--- Goal of the exercise ---
All the lines below should be set down exactly, with no picture carried into the copy.

--- Supplied data ---
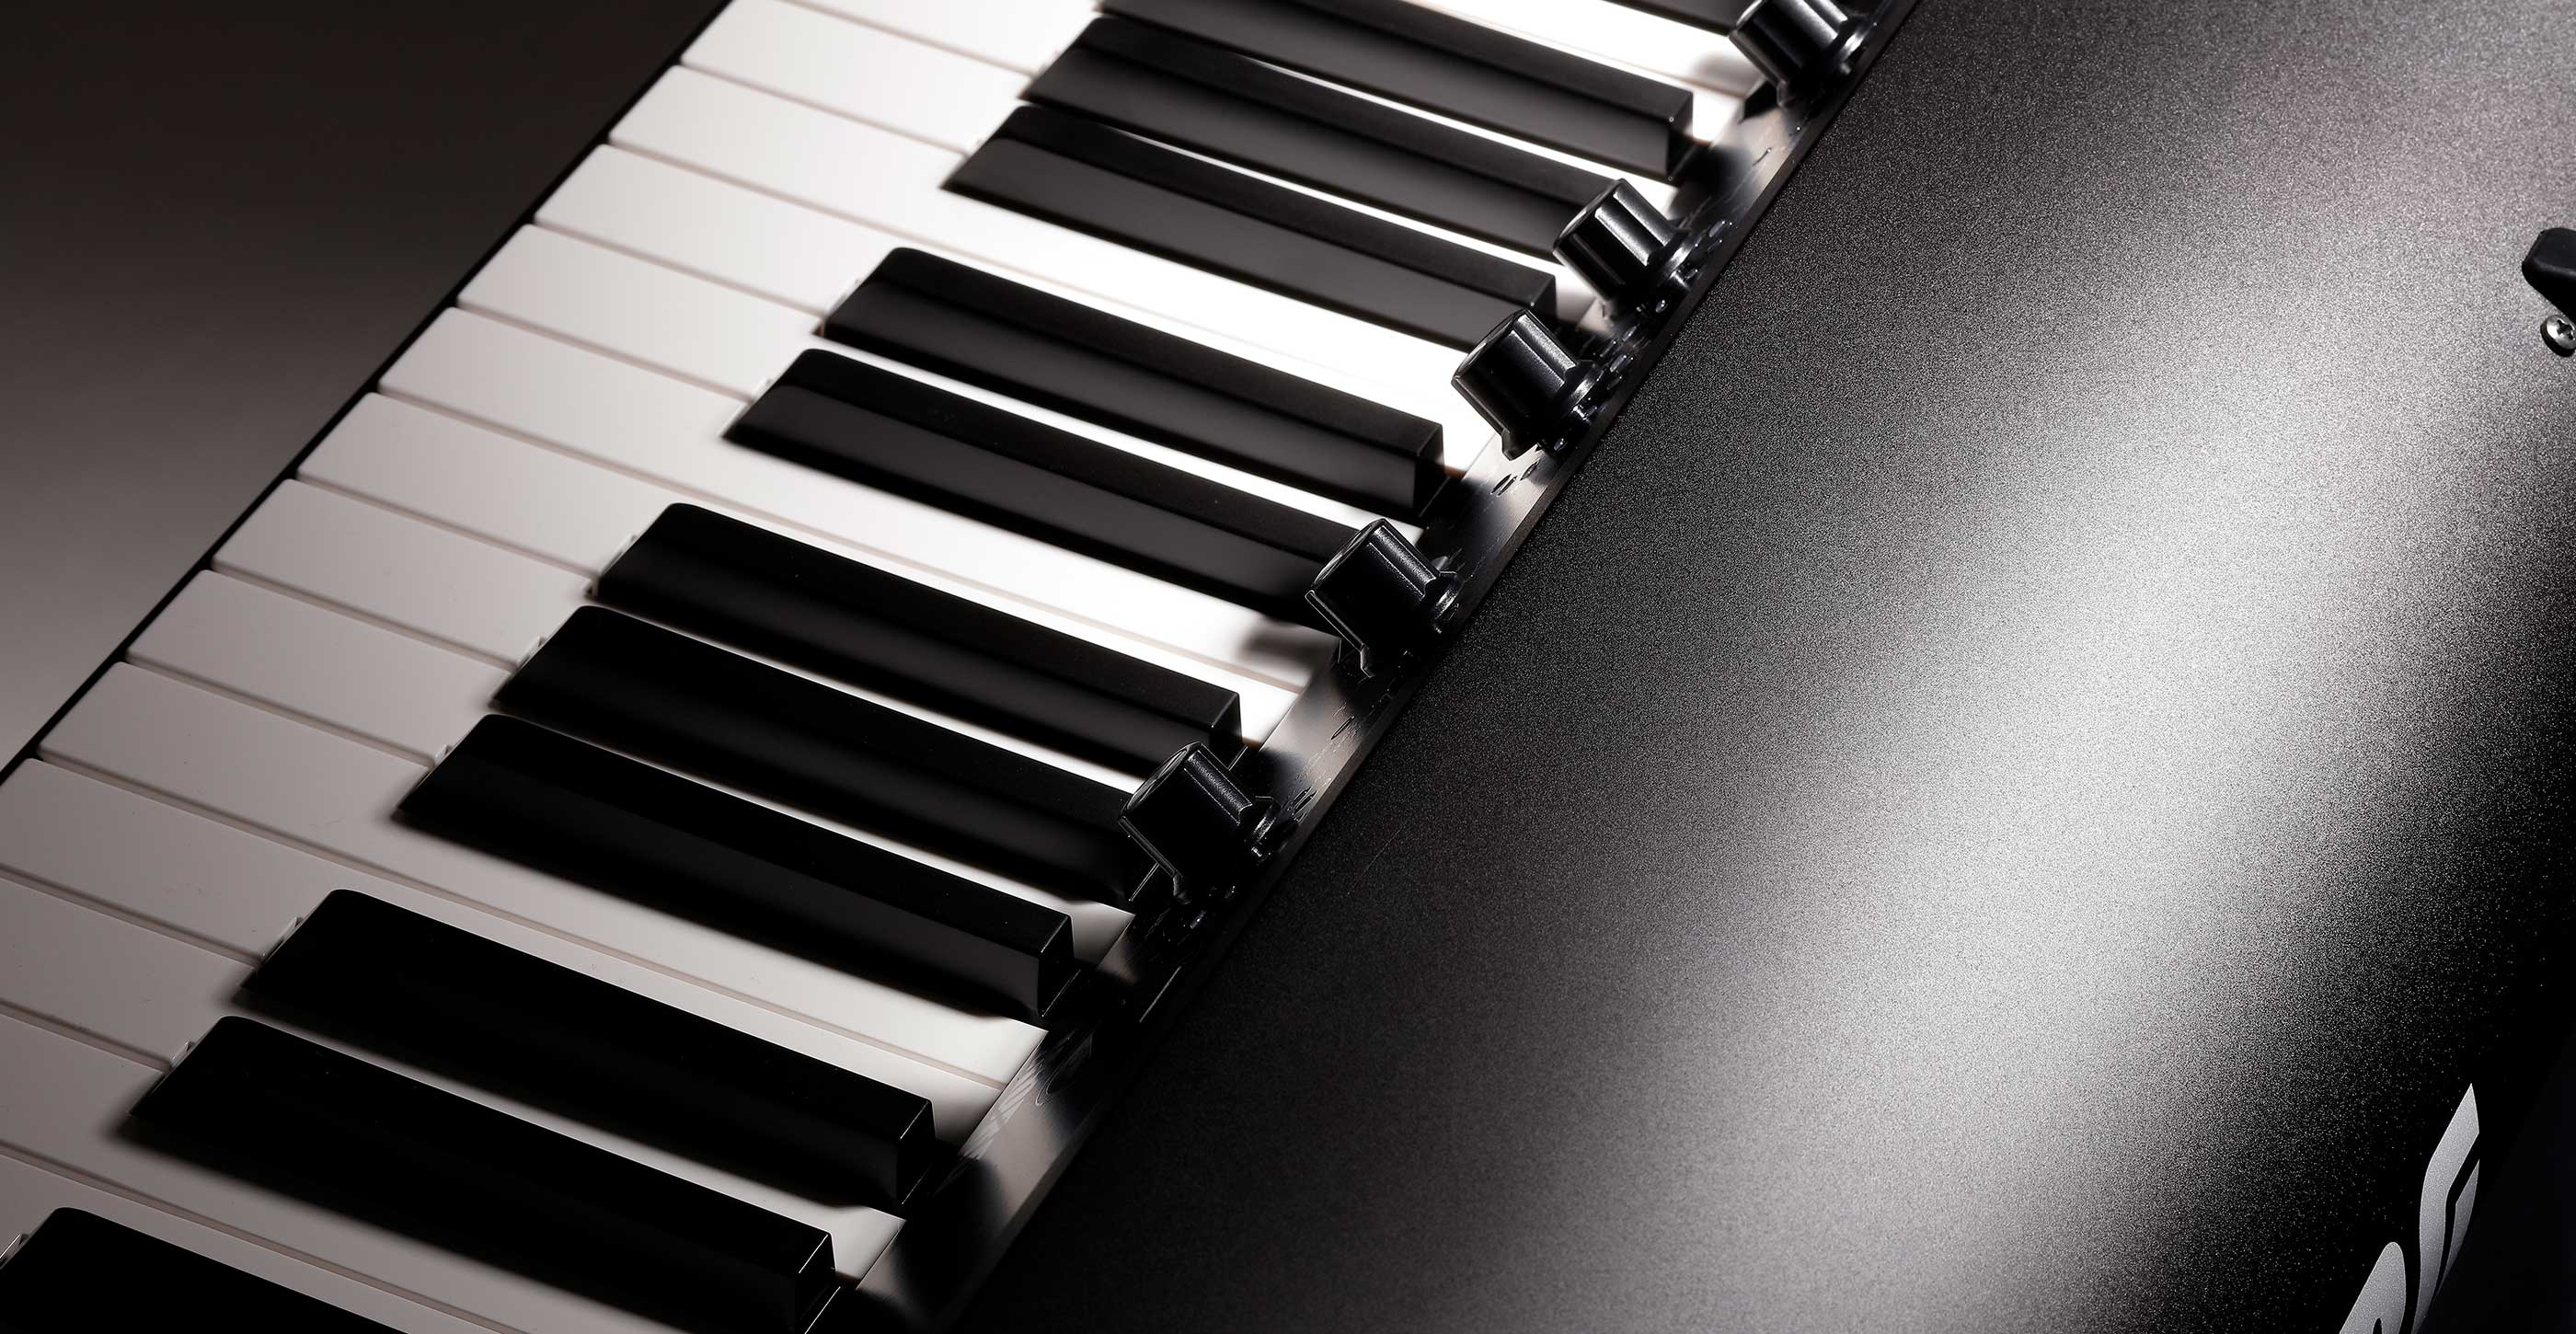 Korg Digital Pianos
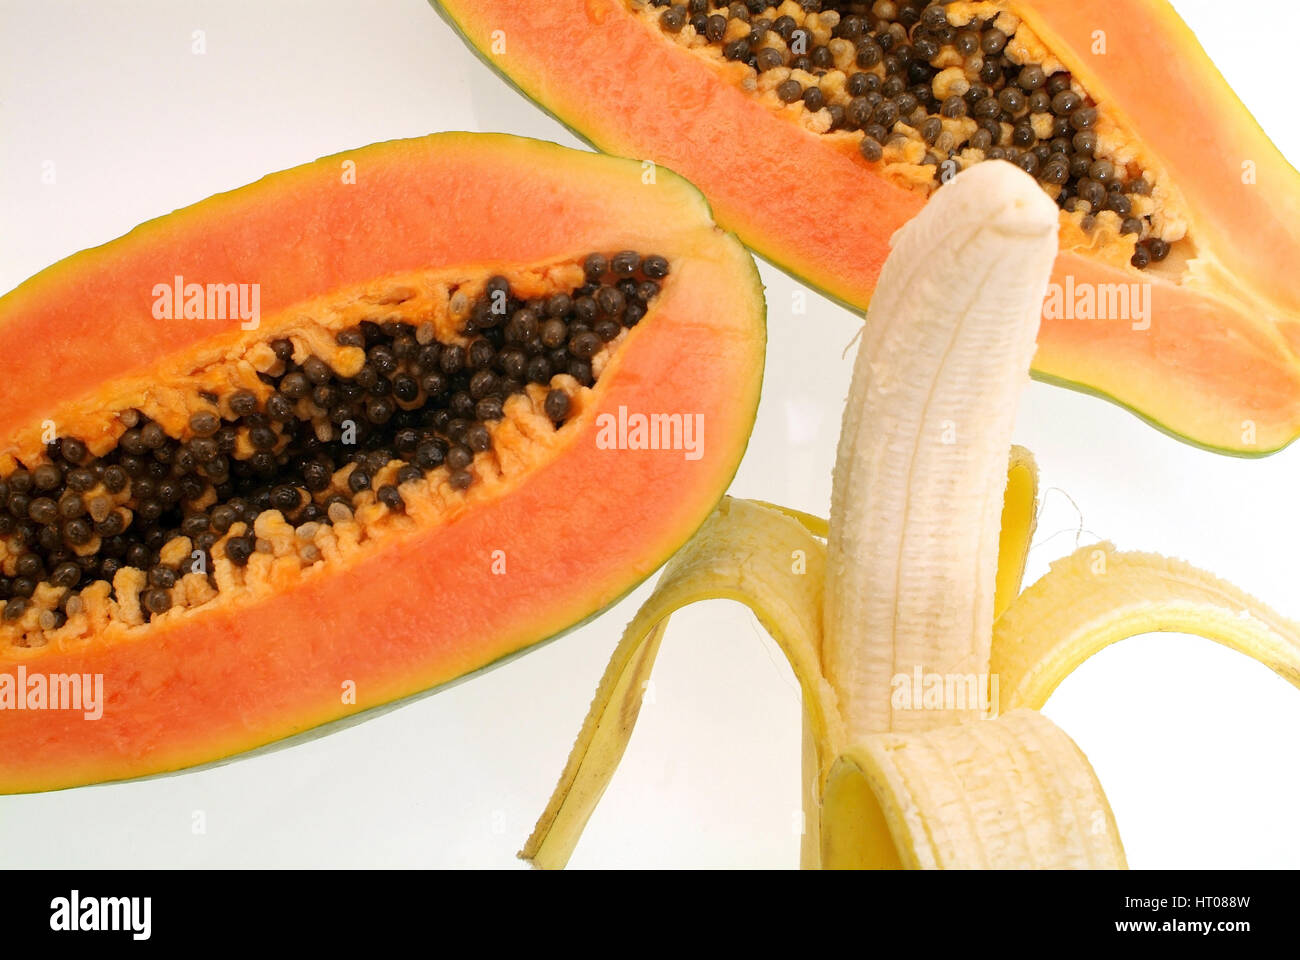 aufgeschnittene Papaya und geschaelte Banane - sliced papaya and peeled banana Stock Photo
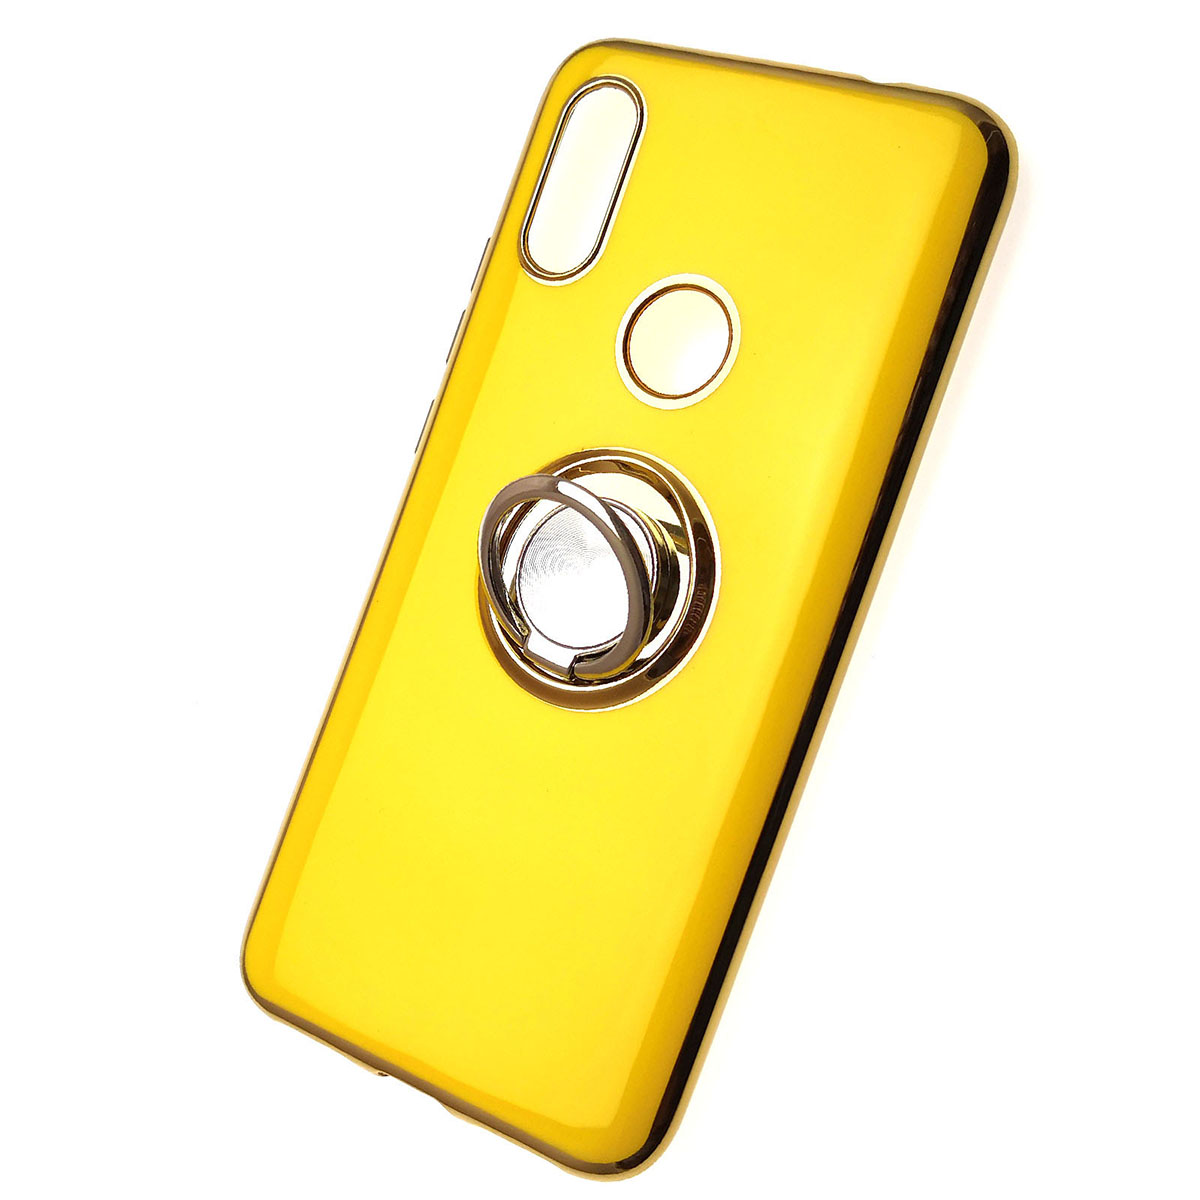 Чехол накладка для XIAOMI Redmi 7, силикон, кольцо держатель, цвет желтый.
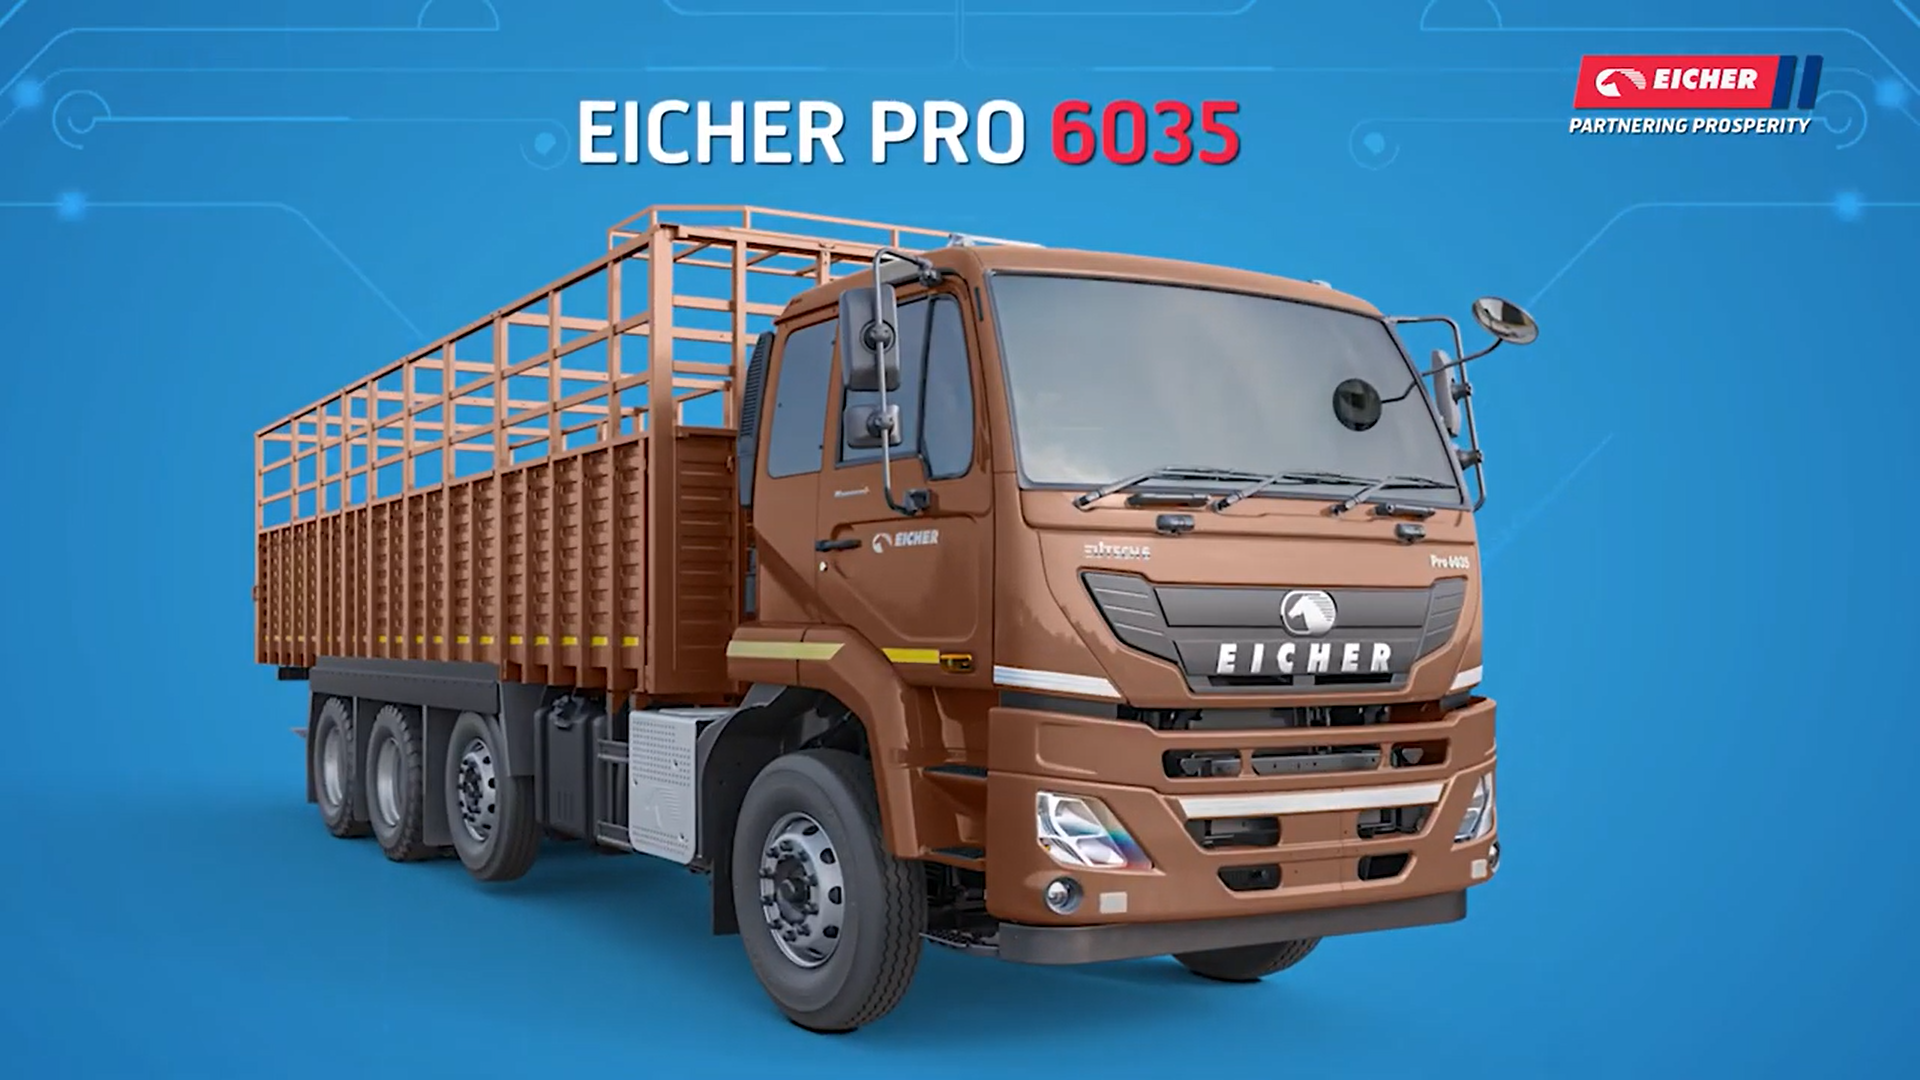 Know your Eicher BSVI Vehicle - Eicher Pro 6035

--- Solution for this problem ---
 Korg Digital Pianos
 aufgeschnittene Papaya und geschaelte Banane - sliced papaya and peeled banana Stock Photo
 Чехол накладка для XIAOMI Redmi 7, силикон, кольцо держатель, цвет желтый.
 Know your Eicher BSVI Vehicle - Eicher Pro 6035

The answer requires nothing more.